What is Deduplication


According to wikipedia, “Data deduplication is a specific form of compression where redundant data is eliminated, typically to improve storage utilization. In the deduplication process, duplicate data is deleted, leaving only one copy of the data to be stored. However, indexing of all data is still retained should that data ever be required. Deduplication is able to reduce the required storage capacity since only the unique data is stored. For example, a typical email system might contain 100 instances of the same one megabyte (MB) file attachment. If the email platform is backed up or archived, all 100 instances are saved, requiring 100 MB storage space. With data deduplication, only one instance of the attachment is actually stored; each subsequent instance is just referenced back to the one saved copy. In this example, a 100 MB storage demand could be reduced to only 1 MB. Different applications have different levels of data redundancy. Backup applications generally benefit the most from de-duplication due to the nature of repeated full backups of an existing file system.”[1]
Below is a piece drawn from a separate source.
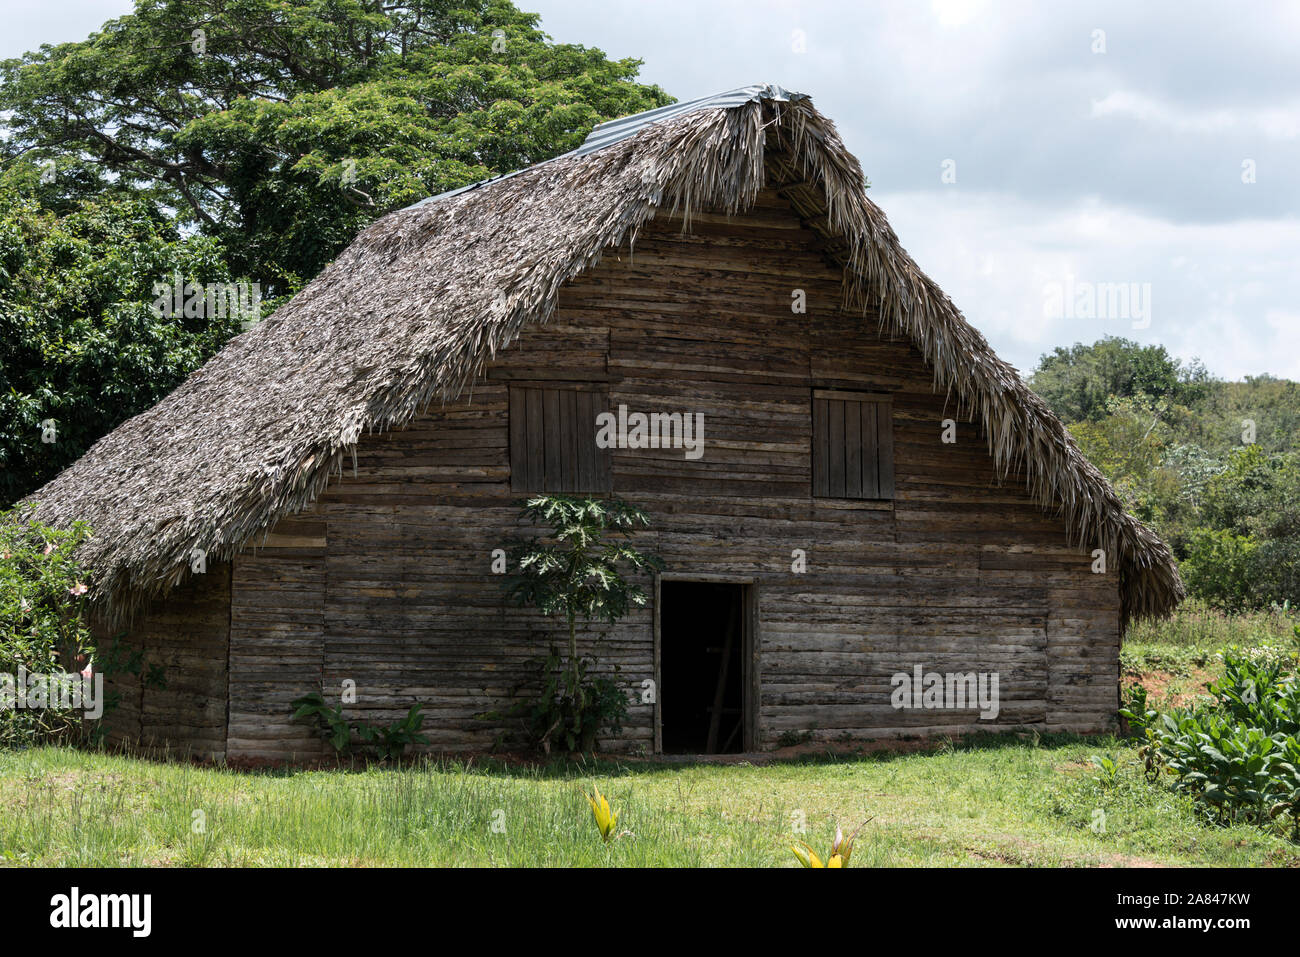 A thatched roof covered with palm leaves over a tobacco leaf drying shed in the Valle de Vinales, Pinar del Río Province, west Cuba, a UNESCO world cu Stock Photo

SDFS leverages data deduplication for primary storage. It acts as a normal file system that can be used for typical IO operations similiar to EXT3, NTFS … etc. The difference is SDFS hashes blocks of data as they are written to the file system and only writes those that are unique to disk. Blocks that are not unique just refernce the data that is already on disk.

Why it does matter

Using deduplication has two big advantages over a normal file system.

  • Reduced Storage Allocation – Deduplication can reduce storage needs by up to 90%-99% for files such VMDKs and backups. Basically situations where you are storing a lot of redundant data can see huge benefits.
  • Efficient Volume Replication – Since only unique data is written disk, only those blocks need to be replicated. This can reduce traffic for replicating data by 90%-99% depending on the application.

Using SDFS adds a couple additional advantages based on its achitecture.

  • Scalability : SDSF can store huge amounts of data and can deduplicate at block sizes as small as 4k.
  • IO Performance : SDFS can be setup in on multiple nodes sharing the same backen object store. Each node can read and write independently at over 2000MB/s.

Great Applications for SDFS and Deduplication

  • Backups
  • Virtual Machines
  • Network shares for unstructured data such as office documents and PSTs
  • Any application with a large amount of deduplicated data

Applications that are not a good fit for Deplication

  • Anything that has totally unique data
  • Pictures
  • Music Files
  • Movies/Videos
  • Encrypted Data


  1. Wikipedia – Data Deduplication